PROMPT: Copy the data verbatim and leave out every picture.

DATA SEGMENT:
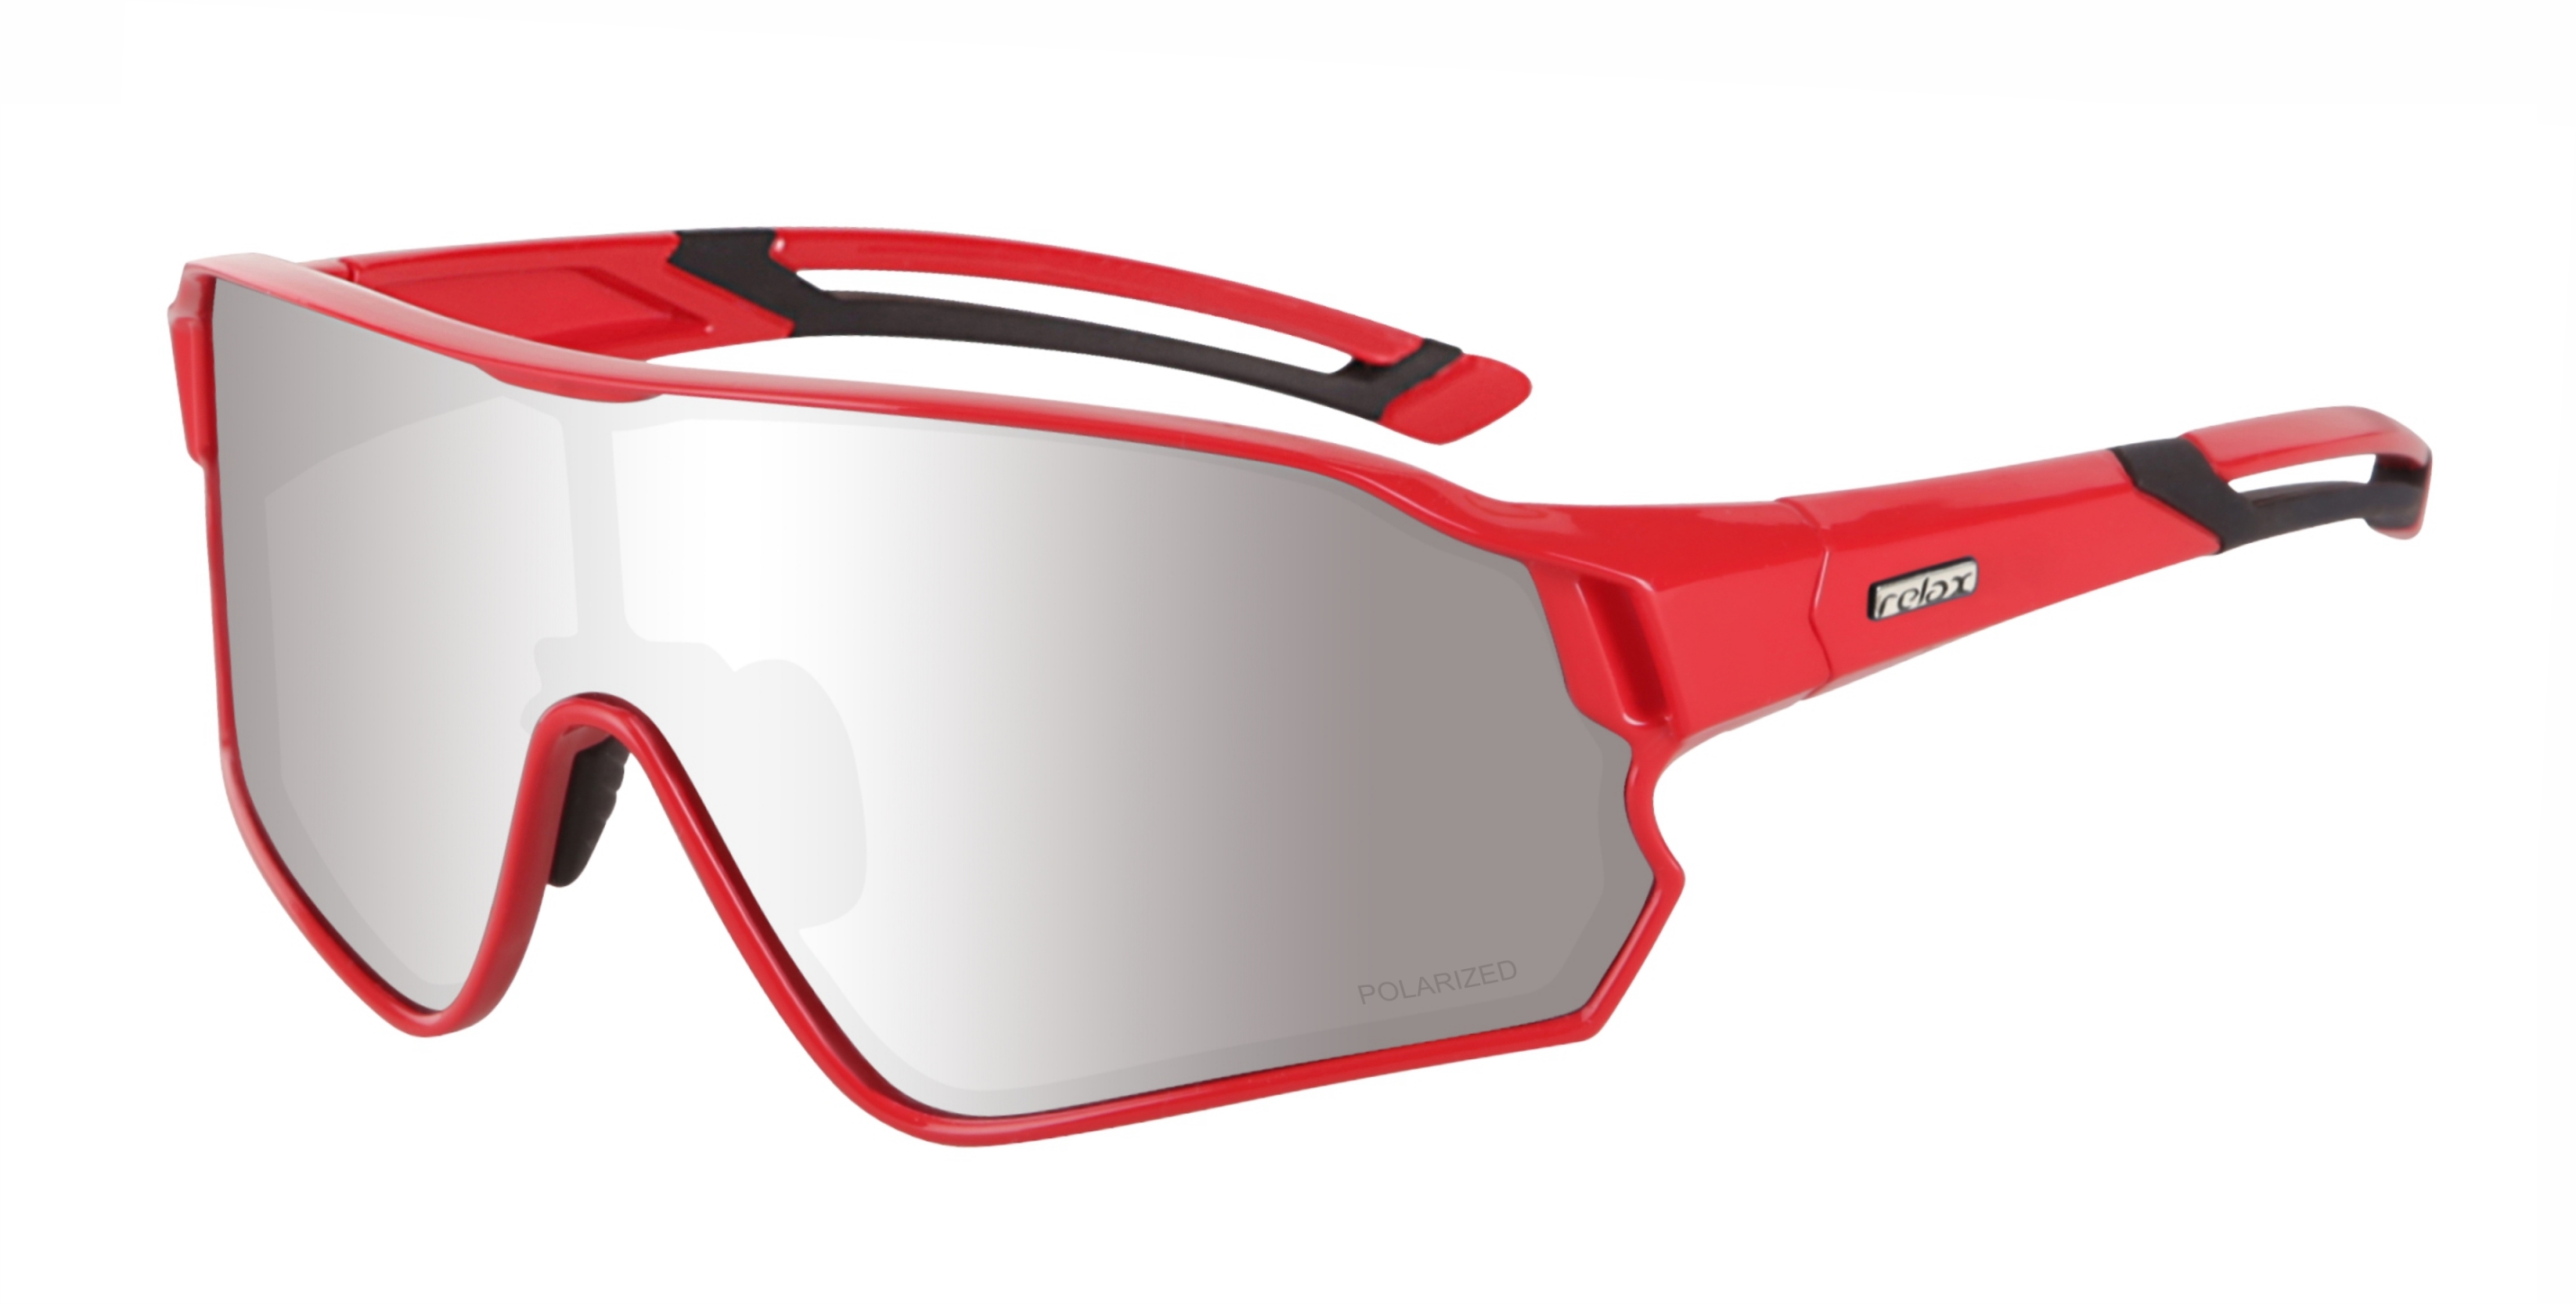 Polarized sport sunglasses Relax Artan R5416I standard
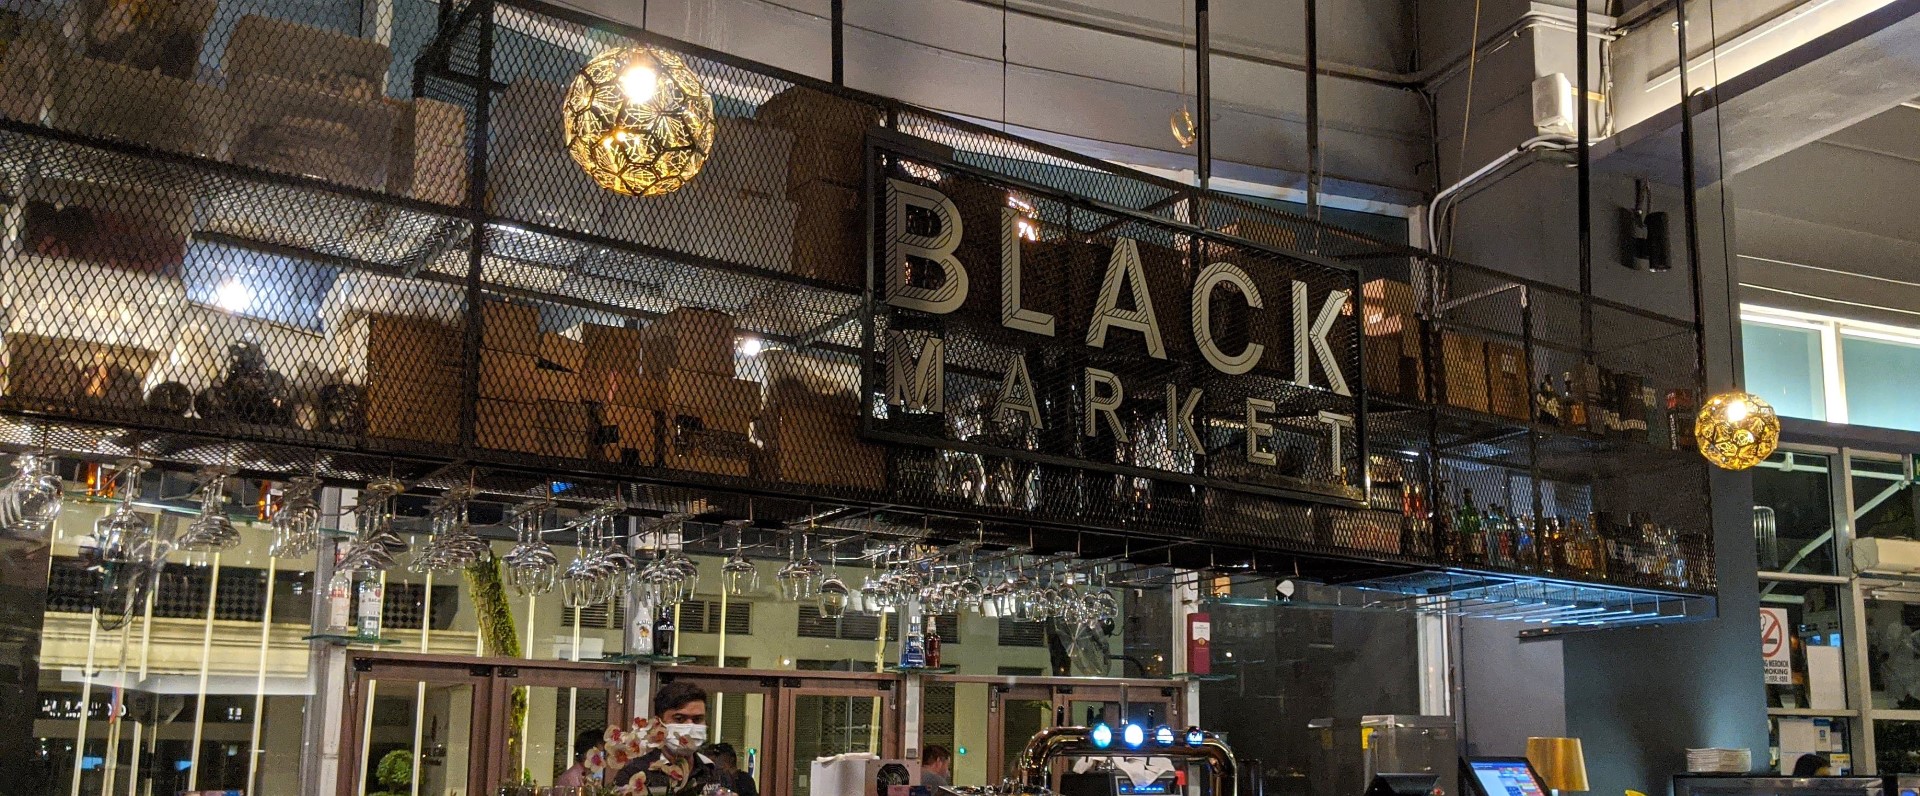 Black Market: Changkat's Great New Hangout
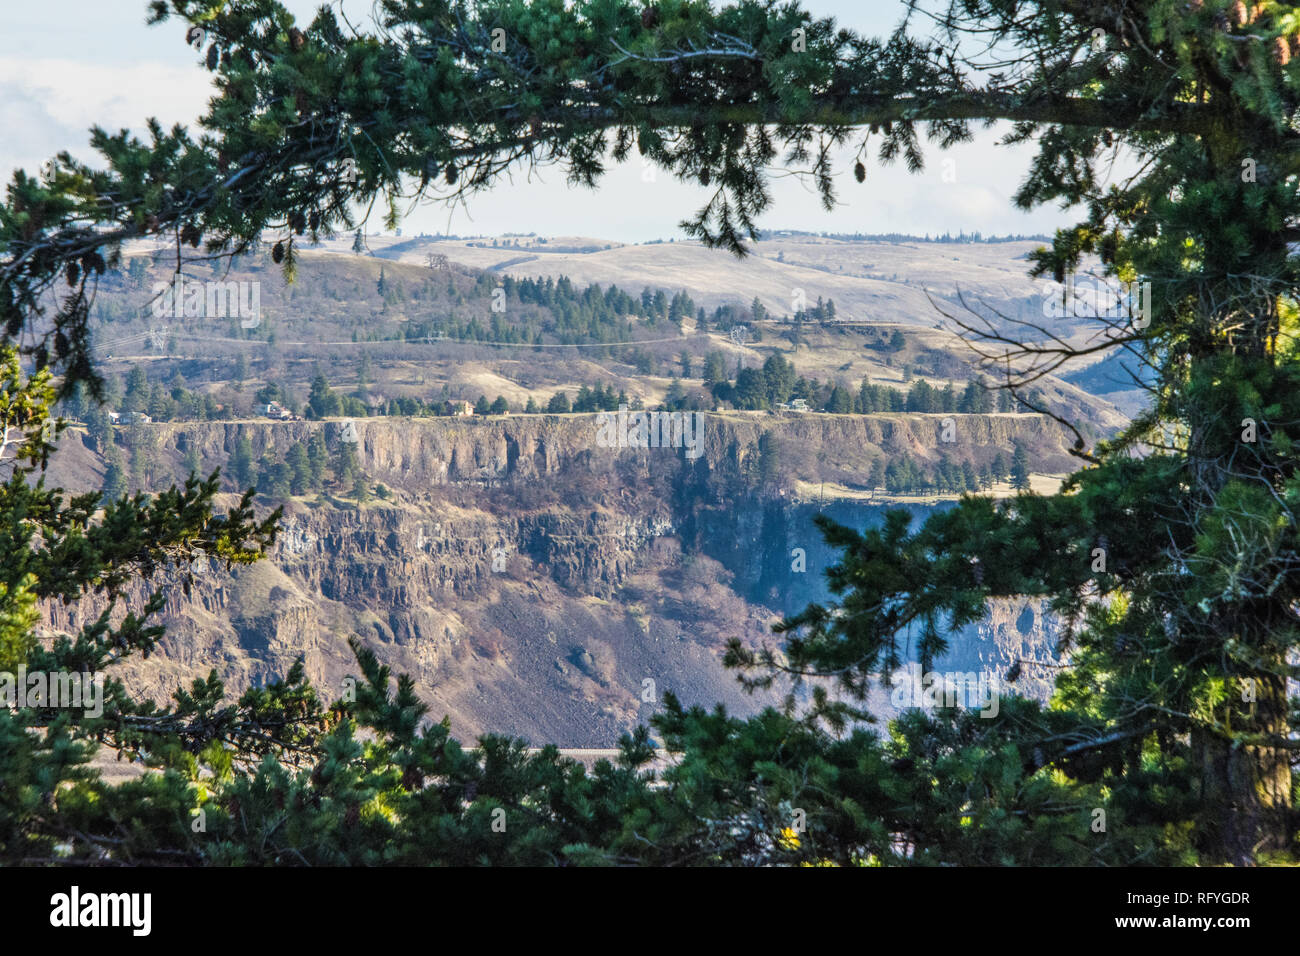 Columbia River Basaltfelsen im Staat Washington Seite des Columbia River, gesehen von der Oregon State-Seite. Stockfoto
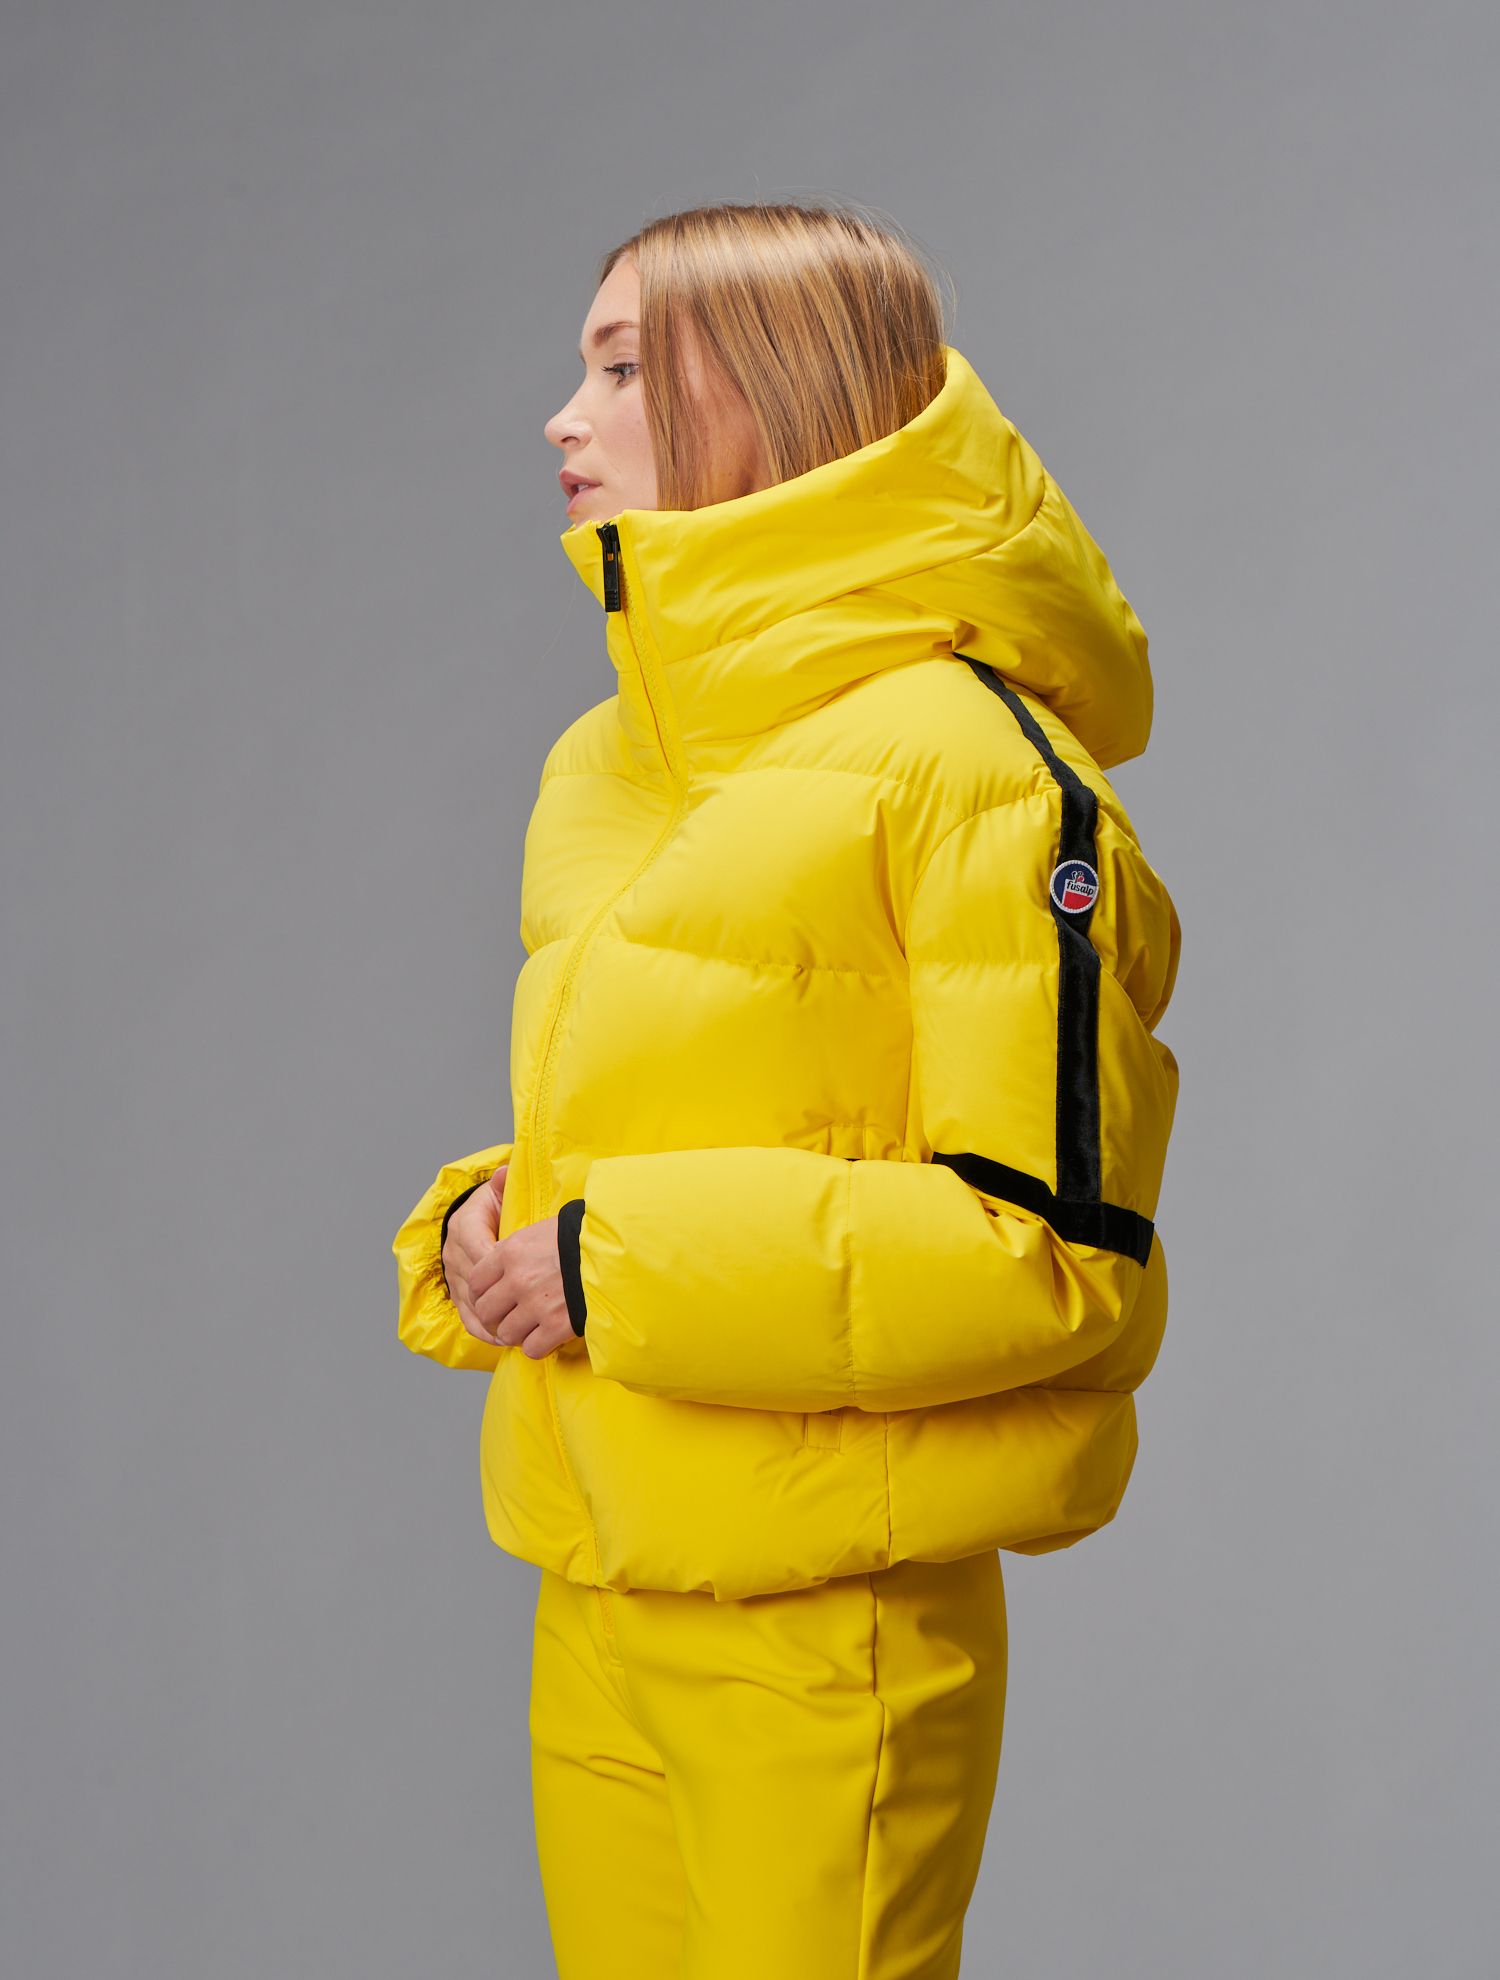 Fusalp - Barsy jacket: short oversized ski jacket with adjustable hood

RESPONSE TO THE EXERCISE:
 Polarized sport sunglasses Relax Artan R5416I standard
 Black Market: Changkat's Great New Hangout
 Columbia River Basaltfelsen im Staat Washington Seite des Columbia River, gesehen von der Oregon State-Seite. Stockfoto
 Fusalp - Barsy jacket: short oversized ski jacket with adjustable hood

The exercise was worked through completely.